On an Oracle Linux 9 server with systemd version 252, you might see the kill logged and the service moving on immediately (never lingering in the deactivating (final-sigkill) state):
splunkd.log:
01–14–2026 14:10:07.665 +1100 INFO loader [4172766 MainThread] - All pipelines finished.
journal logs:
Jan 14 14:08:45.527901 prod-001 splunk[4172766]: 2026–01–14 14:08:45.527 +1100 splunkd started (build 75595d8f83ef) pid=4172766 Jan 14 14:09:57.957844 prod-001 systemd[1]: Stopping Systemd service file for Splunk, generated by 'splunk enable boot-start'… Jan 14 14:09:57.958089 prod-001 splunk[4172766]: 2026–01–14 14:09:57.957 +1100 Interrupt signal received sent by PID 1, which is my parent, command="/usr/lib/systemd/systemd rhgb - switched-root - system - deseria…" (UID 0) Jan 14 14:10:07.686943 prod-001 systemd[1]: Splunkd.service: Killing process 4175265 (python3) with signal SIGKILL. Jan 14 14:10:07.686977 prod-001 systemd[1]: Splunkd.service: Killing process 4175267 (metricator_read) with signal SIGKILL. Jan 14 14:10:07.686995 prod-001 systemd[1]: Splunkd.service: Killing process 4175295 (nmon_x86_64_ol9) with signal SIGKILL. Jan 14 14:10:07.703748 prod-001 systemd[1]: Splunkd.service: Deactivated successfully. Jan 14 14:10:07.704050 prod-001 systemd[1]: Stopped Systemd service file for Splunk, generated by 'splunk enable boot-start'. Jan 14 14:10:07.704202 prod-001 systemd[1]: Splunkd.service: Consumed 1min 6.535s CPU time, 1.9G memory peak.

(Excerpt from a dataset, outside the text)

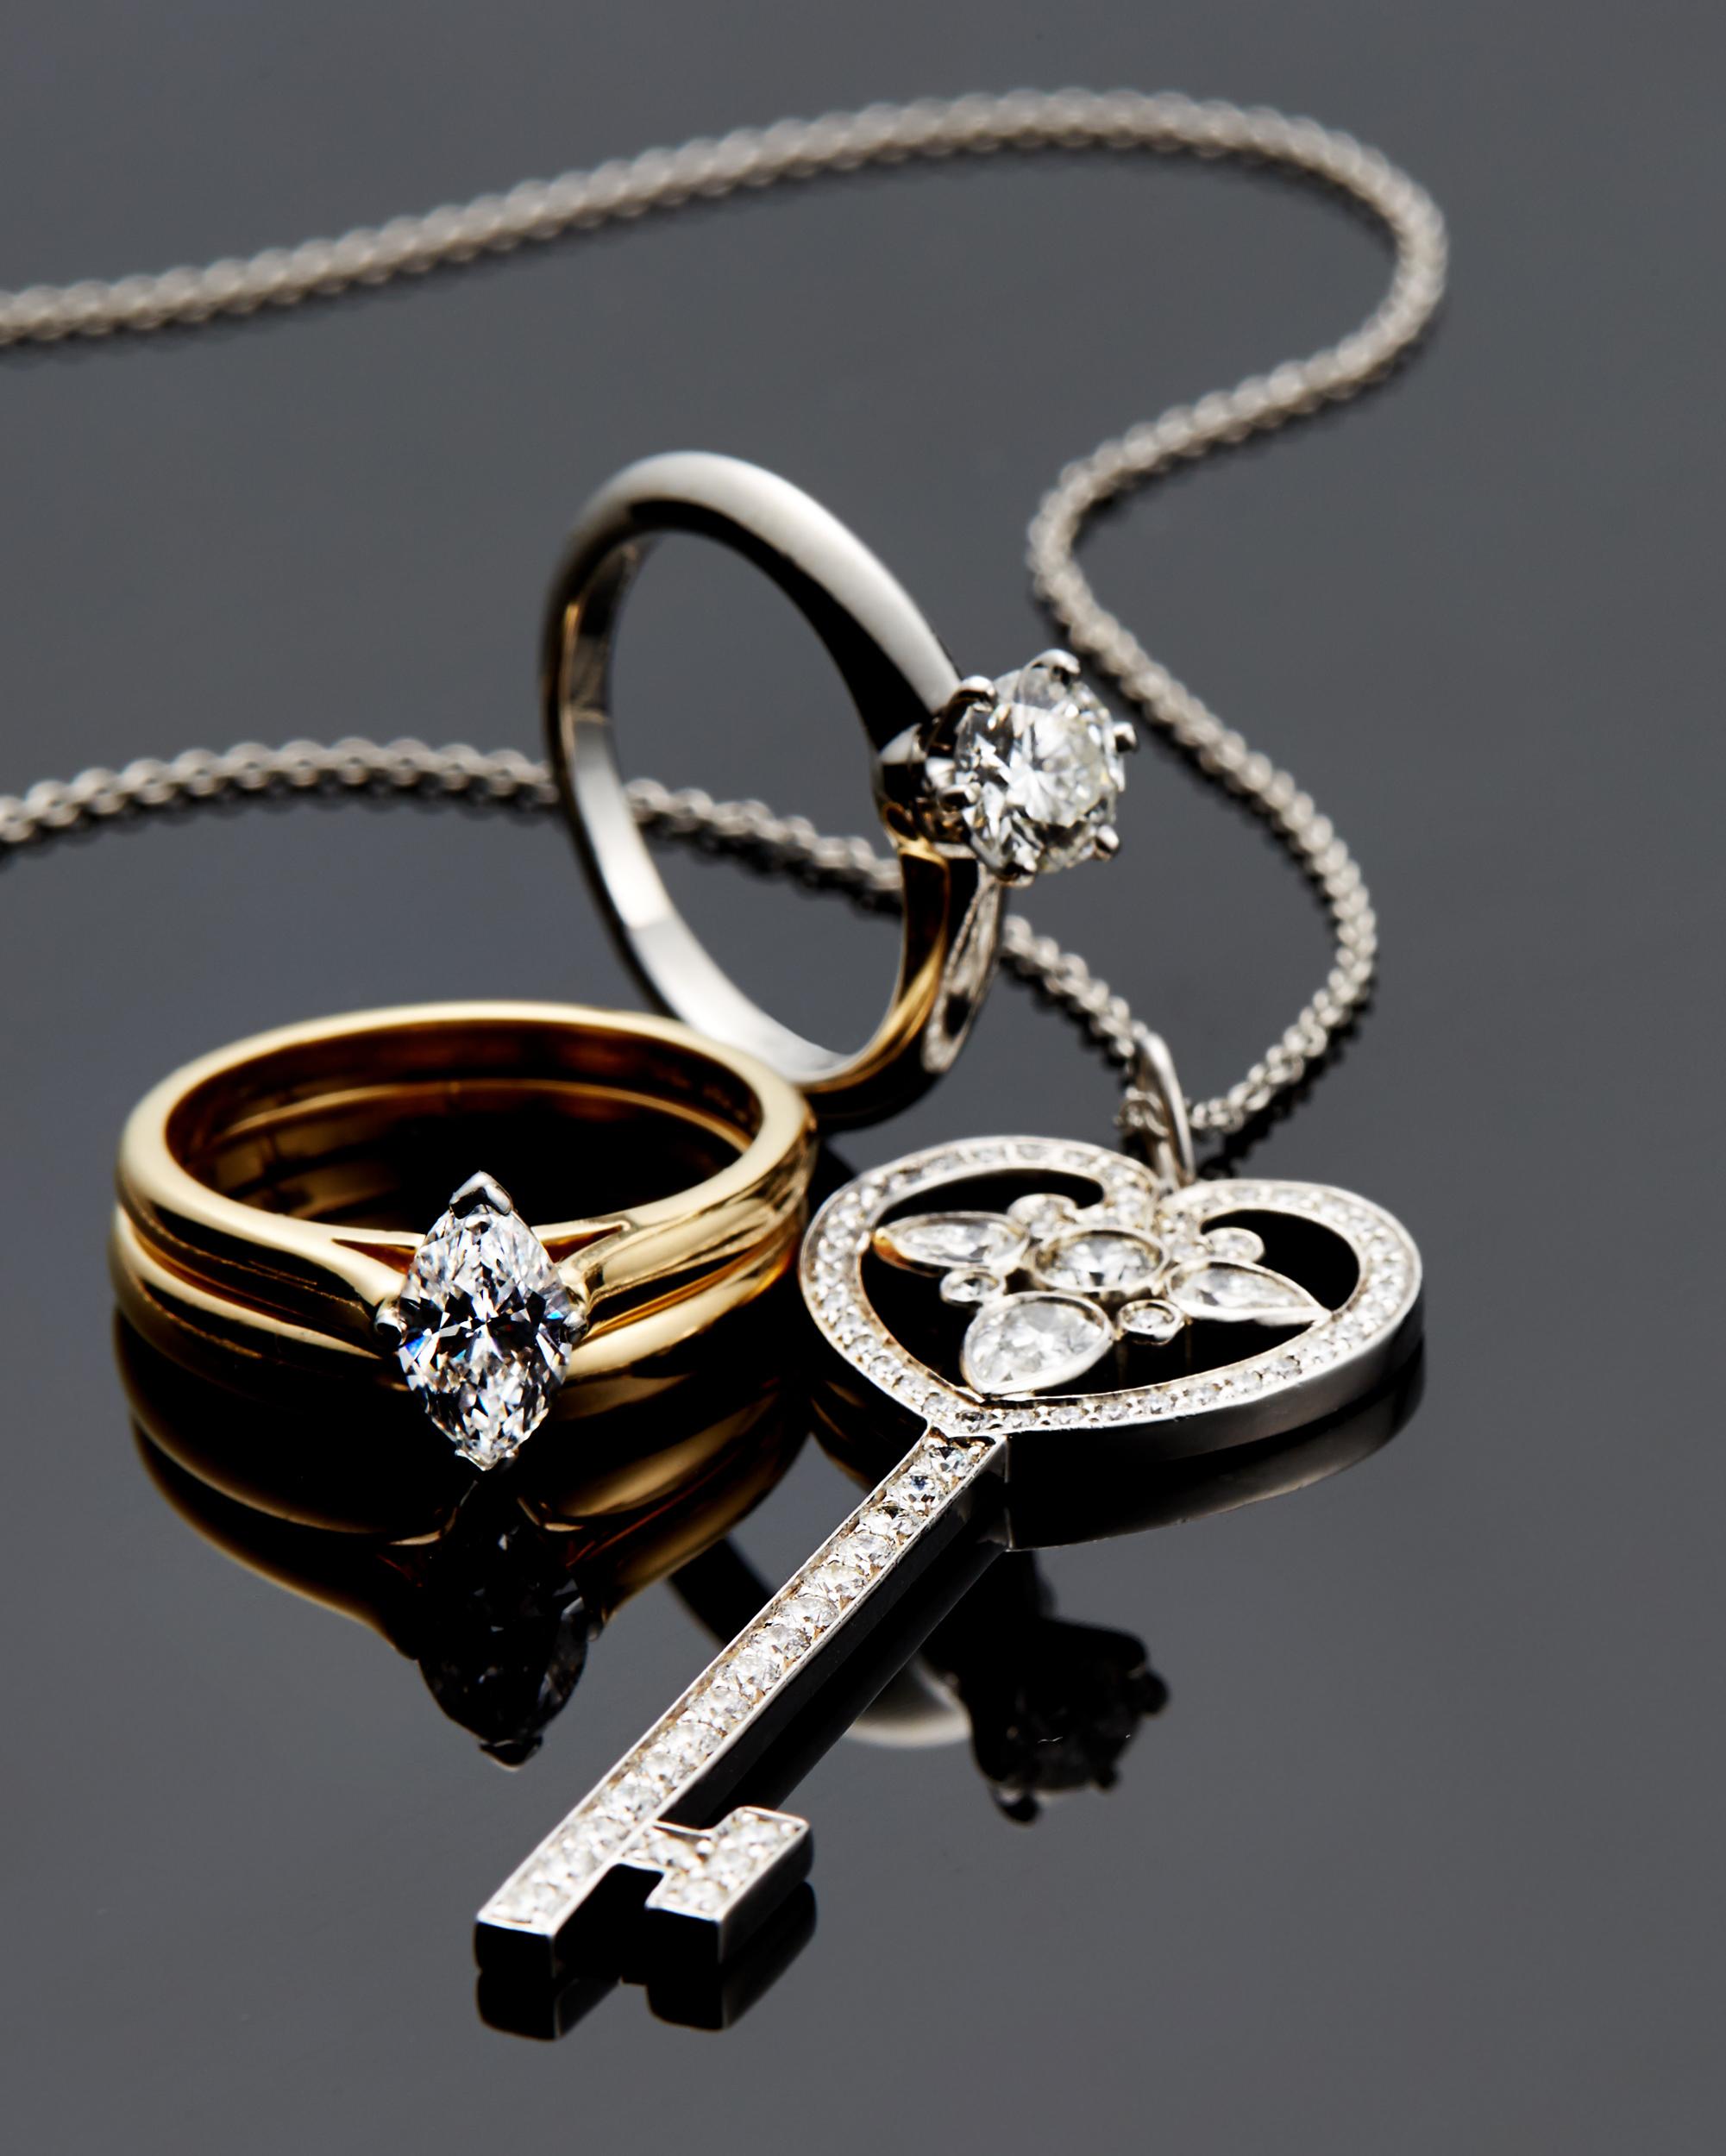 Estate_Jewelry_Tiffany_Fine_Jewelry_1093336547_Editorial.jpg

In this example, the service goes from killing processes to Splunkd.service: Deactivated successfully in fractions of a second. It even includes a Consumed line.
Conclusion
This issue appears to be specific to particular systemd versions - in this case, the versions shipped with Oracle Linux version 8.
Your systems are only affected by this problematic systemd version if you have TAs or scripts that spawn child processes and do not handle killing them on termination. Using the Splunk Add-on for Unix and Linux as an example, an iostat.sh script can spawn an iostat command. If that command is running on shutdown of the Splunk platform and the iostat.sh script doesn't trap the required SIGTERM, it can trigger the issue discussed in this article.